3. Tien jaar na de datum van kennisgeving van deze richtlijn legt de Commissie aan de Raad een verslag voor over de gevolgen van de toepassing door de rechtbanken van artikel 7, sub e), en van lid 1, sub b), van dit artikel voor de bescherming van de consument en de werking van de gemeenschappelijke markt. In het licht van dat verslag besluit de Raad overeenkomstig artikel 100 van het Verdrag op voorstel van de Commissie of artikel 7, sub e), moet vervallen.

Artikel 16

1. Elke Lid-Staat kan bepalen dat de volledige aansprakelijkheid van de producent voor schade ten gevolge van dood of lichamelijk letsel, veroorzaakt door identieke artikelen die hetzelfde gebrek vertonen, wordt beperkt tot een bedrag van ten minste 70 miljoen Ecu.

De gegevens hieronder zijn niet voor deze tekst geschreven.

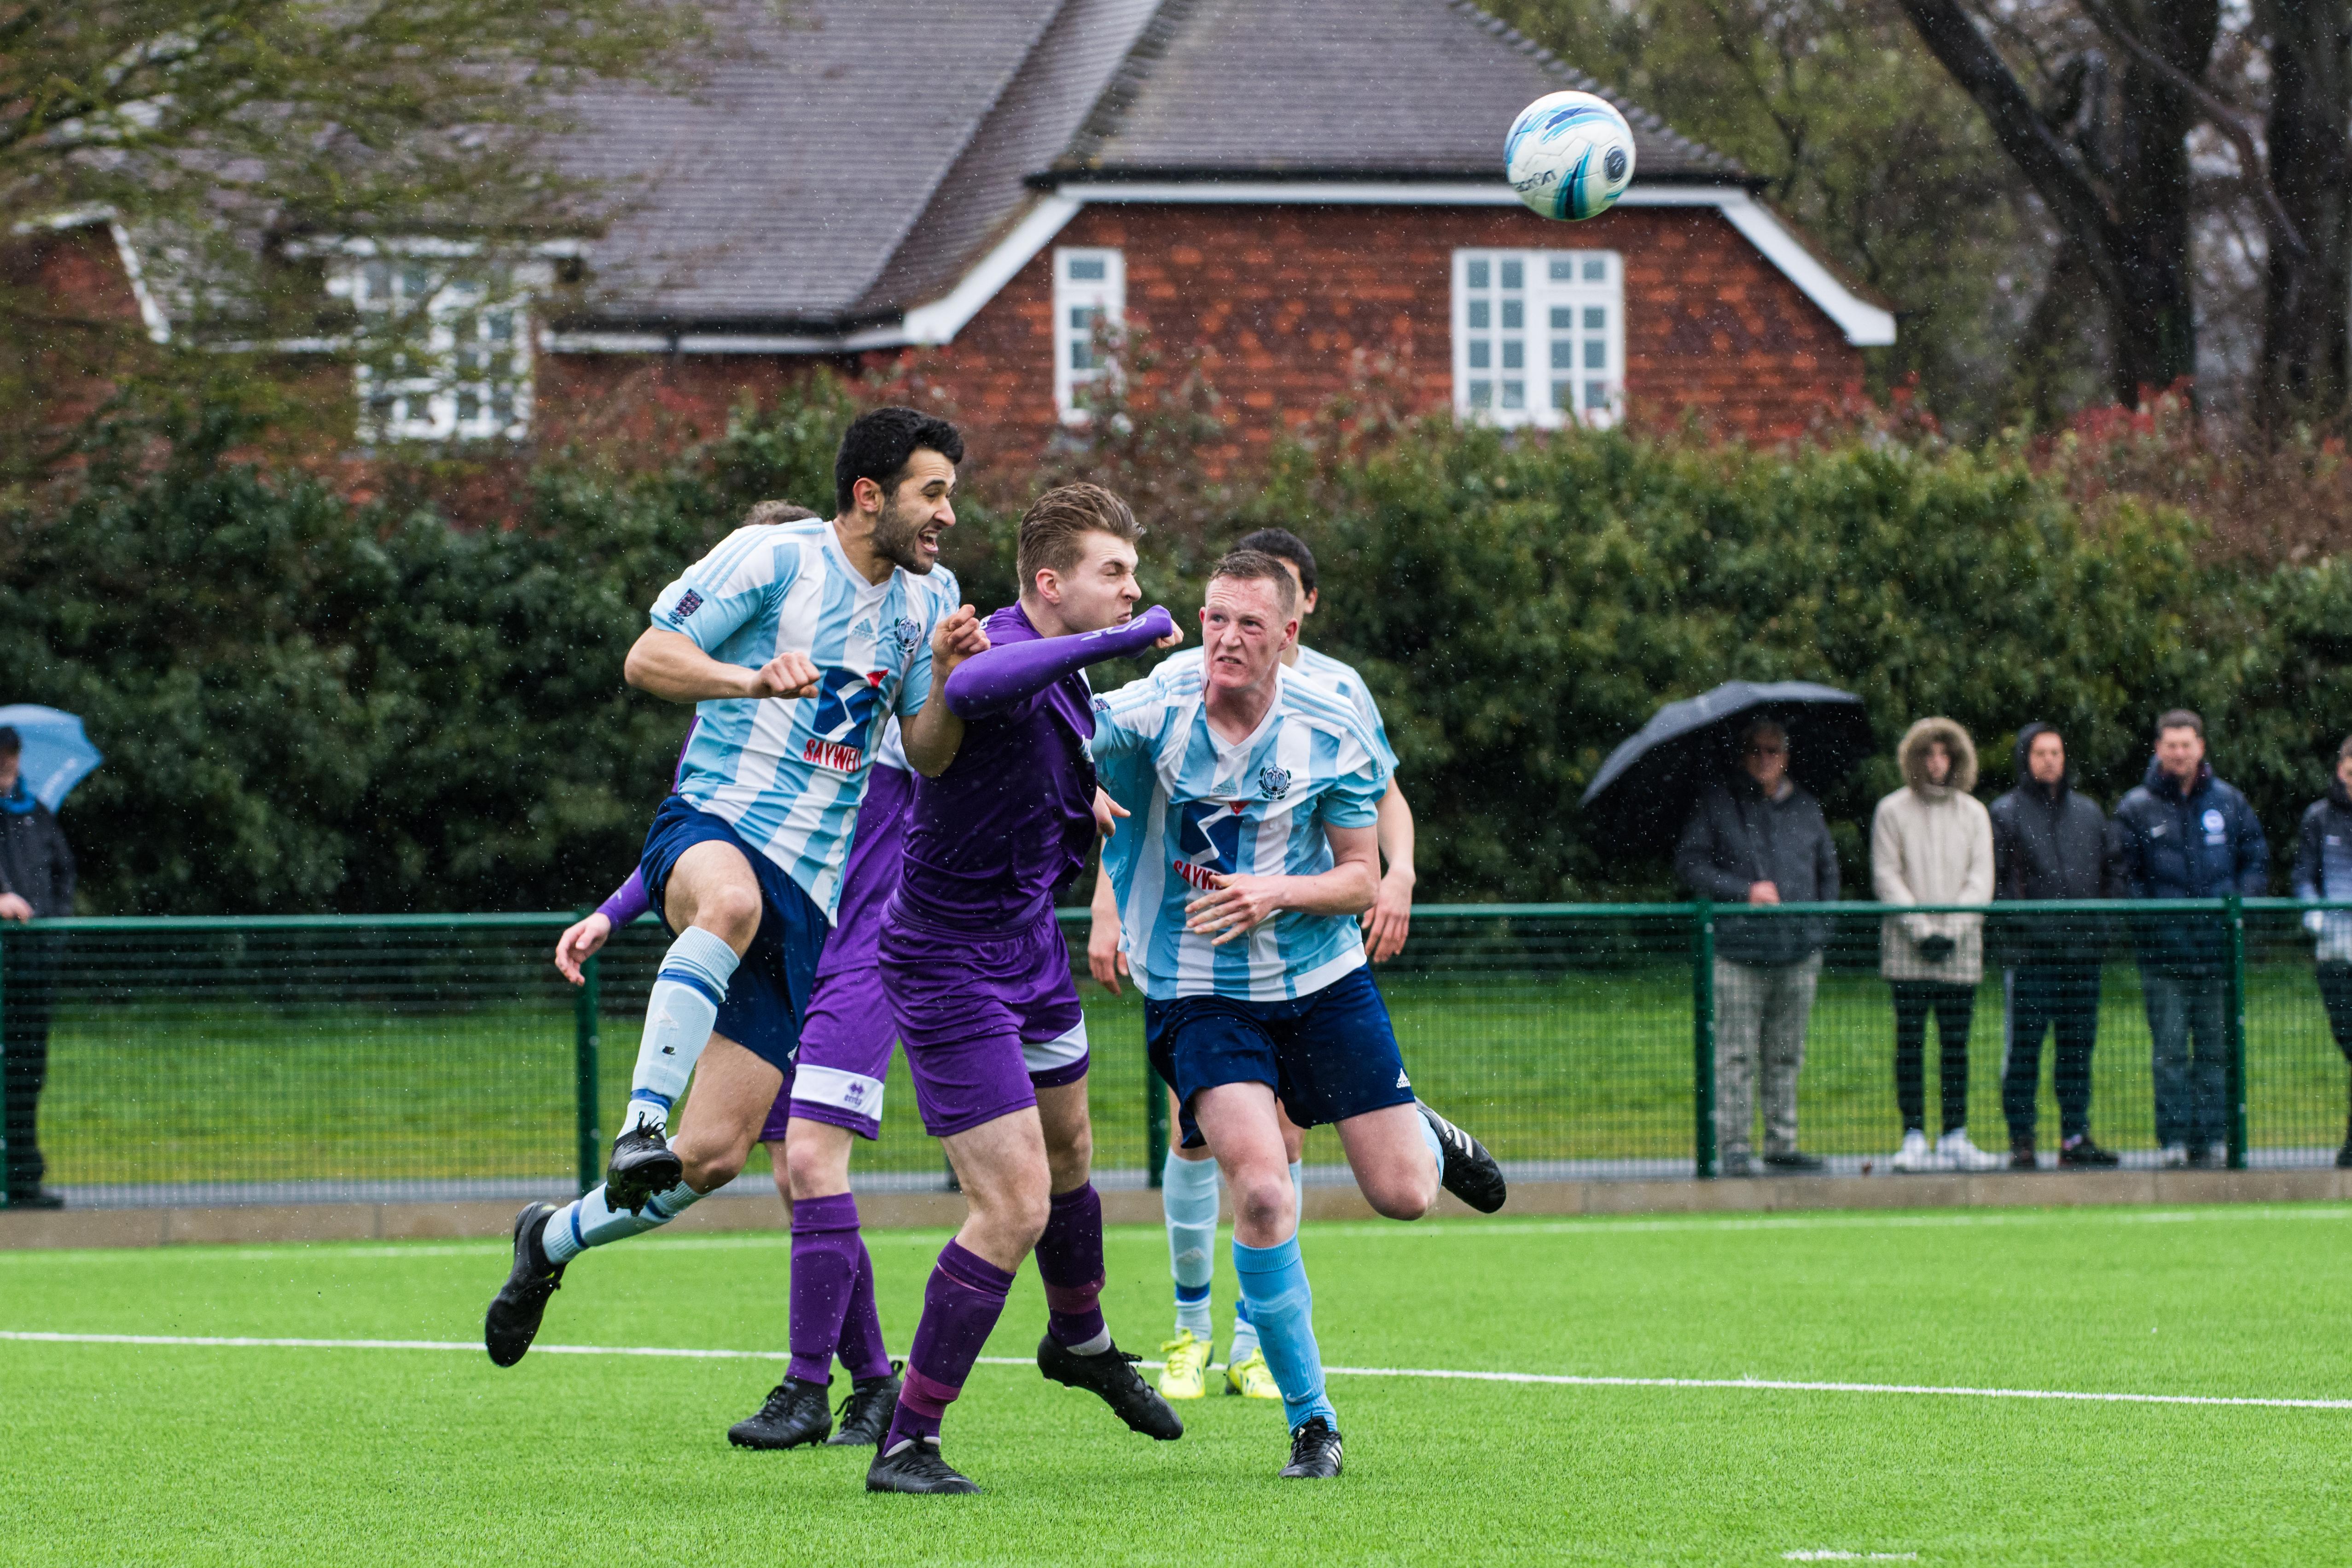 DAVID_JEFFERY Worthing United FC vs East Preston FC 02.04.18 31

2. Tien jaar na de datum van kennisgeving van deze richtlijn legt de Commissie aan de Raad een verslag voor over de gevolgen voor de bescherming van de consument en de werking van de gemeenschappelijke markt van de toepassing van de financiële beperking van de aansprakelijkheid door de Lid-Staten die van de in lid 1 geboden mogelijkheid gebruik hebben gemaakt. In het licht van dat verslag neemt de Raad op voorstel van de Commissie overeenkomstig artikel 100 van het Verdrag een beslissing over het vervallen van lid 1.

Artikel 17

Deze richtlijn is niet van toepassing op produkten die in het verkeer zijn gebracht vóór de datum waarop de in artikel 19 bedoelde bepalingen in werking treden.

Artikel 18

1. De Ecu in de zin van deze richtlijn is die welke in Verordening (EEG) nr. 3180/78 (1), gewijzigd bij Verordening (EEG) nr. 2626/84 (2), is vastgesteld. De tegenwaarde in de nationale munt is aanvankelijk die welke geldt op de dag van aanneming van deze richtlijn.

2. De Raad gaat om de vijf jaar op voorstel van de Commissie over tot onderzoek naar, en in voorkomend geval, tot herziening van de in deze richtlijn genoemde bedragen, rekening houdend met de economische en monetaire ontwikkeling in de Gemeenschap.

Artikel 19

1. De Lid-Staten doen de nodige wettelijke en bestuursrechtelijke bepalingen in werking treden om uiterlijk drie jaar te rekenen vanaf de datum van kennisgeving ervan aan deze richtlijn te voldoen (1). Zij stellen de Commissie daarvan onverwijld in kennis.

2. De in artikel 15, lid 2, beschreven procedure wordt van kracht op de datum van kennisgeving van deze richtlijn.

Artikel 20

De Lid-Staten delen de Commissie de tekst van alle belangrijke bepalingen van intern recht mee, die zij op het onder deze richtlijn vallende gebied vaststellen.

Artikel 21

De Commissie doet de Raad om de vijf jaar een verslag toekomen over de toepassing van deze richtlijn en legt hem in voorkomend geval passende voorstellen voor.

Artikel 22

Deze richtlijn is gericht tot de Lid-Staten.

Gedaan te Brussel, 25 juli 1985.

Voor de Raad

De Voorzitter

J. POOS

(1) PB nr. C 241 van 14. 10. 1976, blz. 9, en PB nr. C 271 van 26. 10. 1979, blz. 3.

(2) PB nr. C 127 van 21. 5. 1979, blz. 61.

(3) PB nr. C 114 van 7. 5. 1979, blz. 15.

(1) PB nr. L 379 van 30. 12. 1978, blz. 1.

(2) PB nr. L 247 van 16. 9. 1984, blz. 1.

(1) Van deze richtlijn is aan de Lid-Staten kennis gegeven op 30 juli 1985.